Der Austritt Großbritanniens bringt auch den Zeitplan für das Pariser Klimaabkommen gehörig durcheinander. Auf der Klimakonferenz im letzten Jahr hatte die EU neben den 193 UN-Mitgliedsstaaten eigenständig verhandelt. Die in Paris vorgelegten Ziele zur Reduktion der Treibhausgas-Emissionen um 40% bis 2030 und die entsprechende Verteilung auf die EU-Staaten müssen nun wohl neu berechnet werden. Die für 2017 geplante Ratifizierung des Klimaabkommens kommt nach Einschätzungen von Experten nicht zustande.

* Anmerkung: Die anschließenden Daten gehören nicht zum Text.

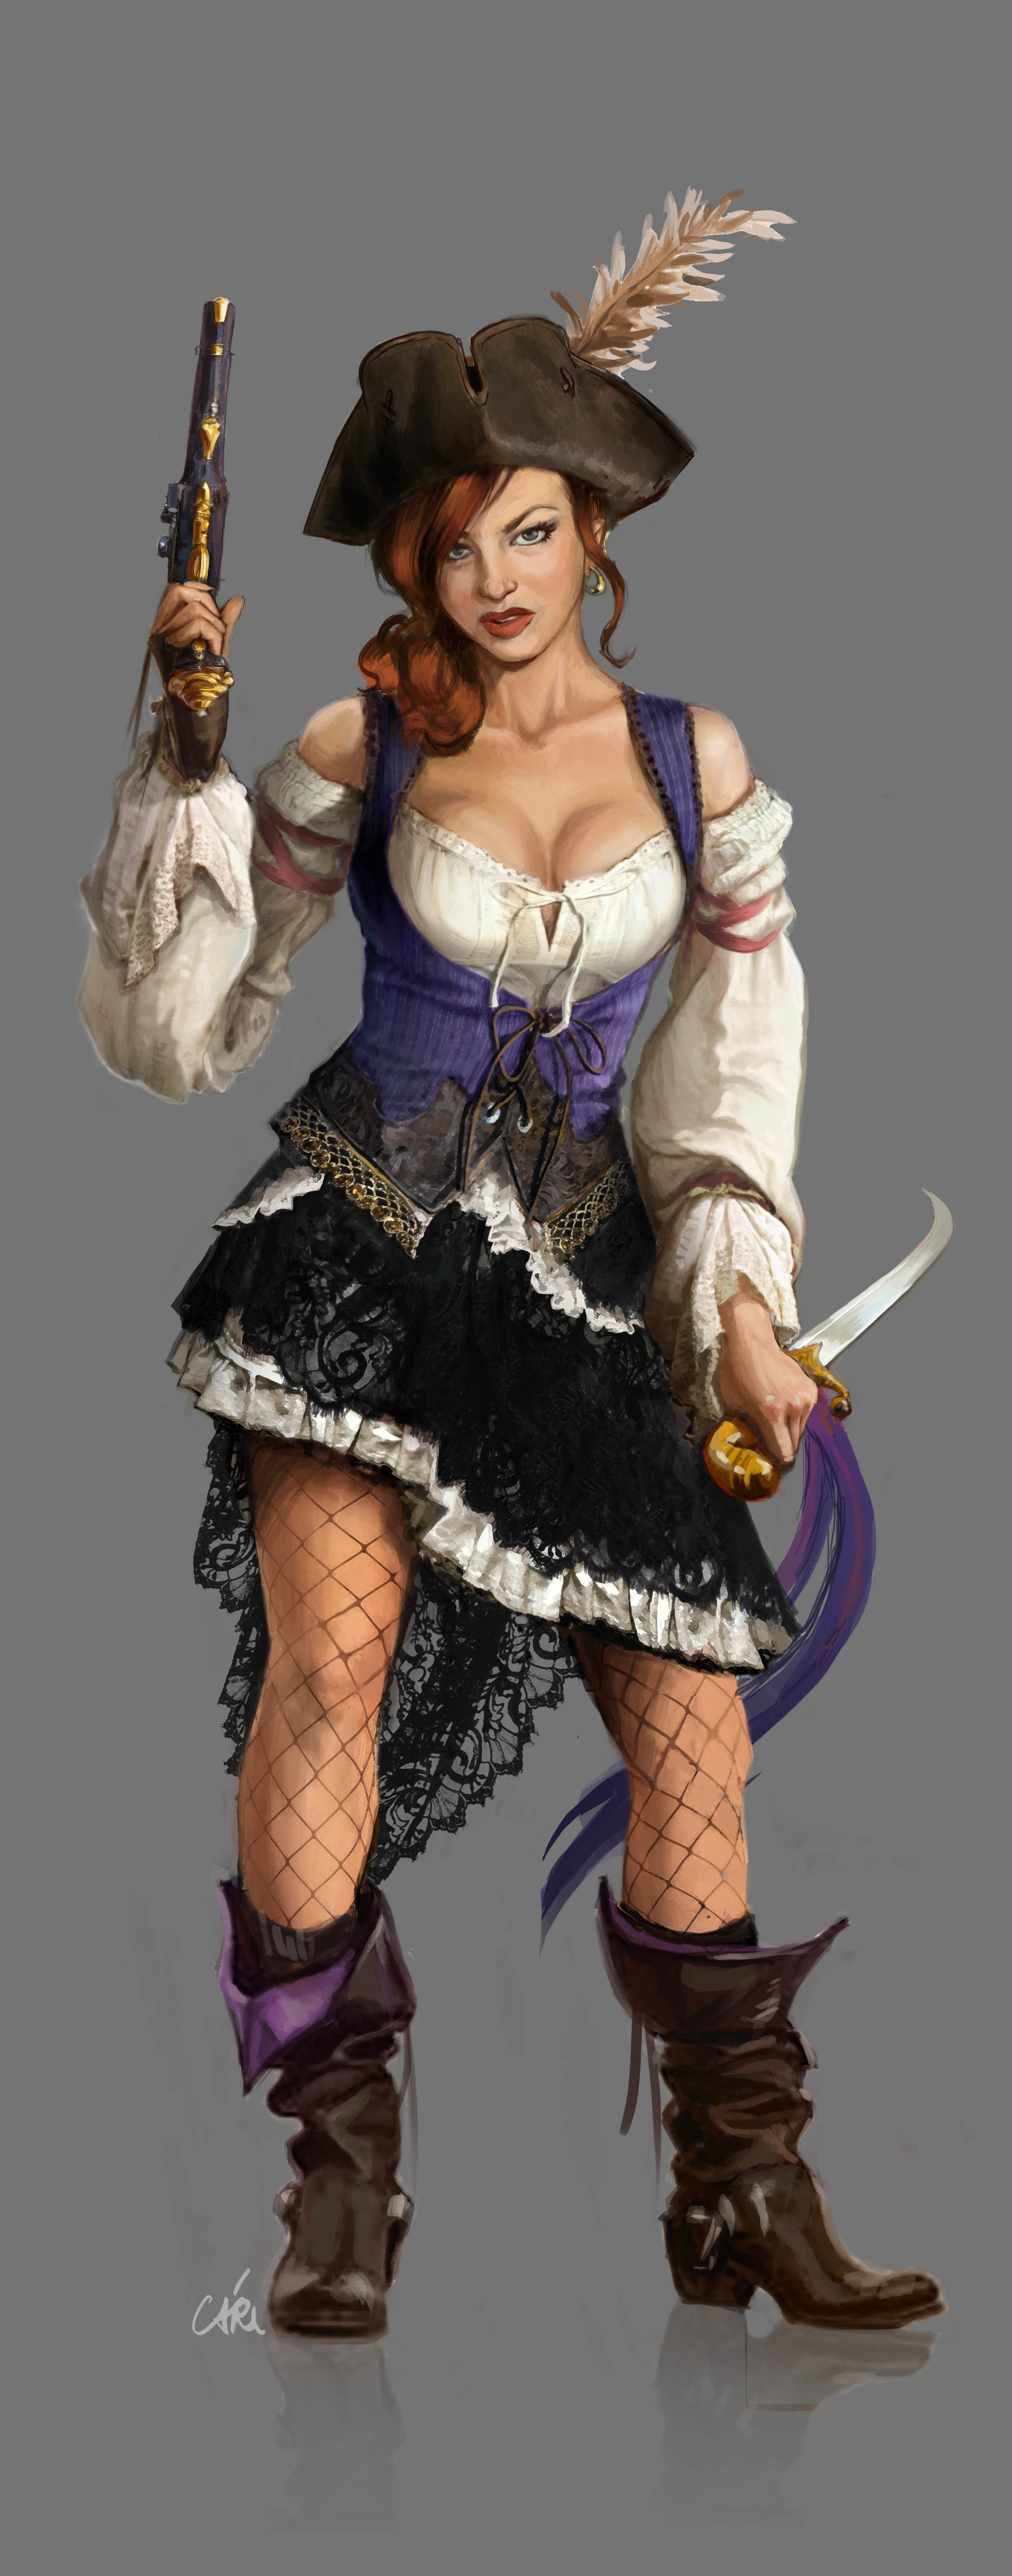 Sexy Pirate Women Art 4148

Mit den Unabhängigkeitsbestrebungen von Schottland und Nordirland sind die zukünftigen politischen Verhältnisse in Großbritannien unklarer denn je. Auch die Zukunft der britischen Klimapolitik steht noch in den Sternen. Mit einem Austritt wäre Großbritannien nicht mehr an die offiziellen EU-Ziele gebunden. Mit dem „Climate Change Act“ wurden jedoch nationale Ziele bis 2050 definiert, die noch ambitionierter als die der EU sind. Für die künftige britische Regierung wird es nun jedoch leichter möglich sein, das Klimaschutzgesetz zu schwächen, da es sich nur noch um eine nationale Entscheidung handelt, bei der die EU-Vorgaben nicht mehr beachtet werden müssen.

Bei all diesen Spekulationen steht eines fest: sowohl Großbritannien als auch die Europäische Union blicken, nicht nur in Sachen Klimapolitik, in eine ungewisse Zukunft.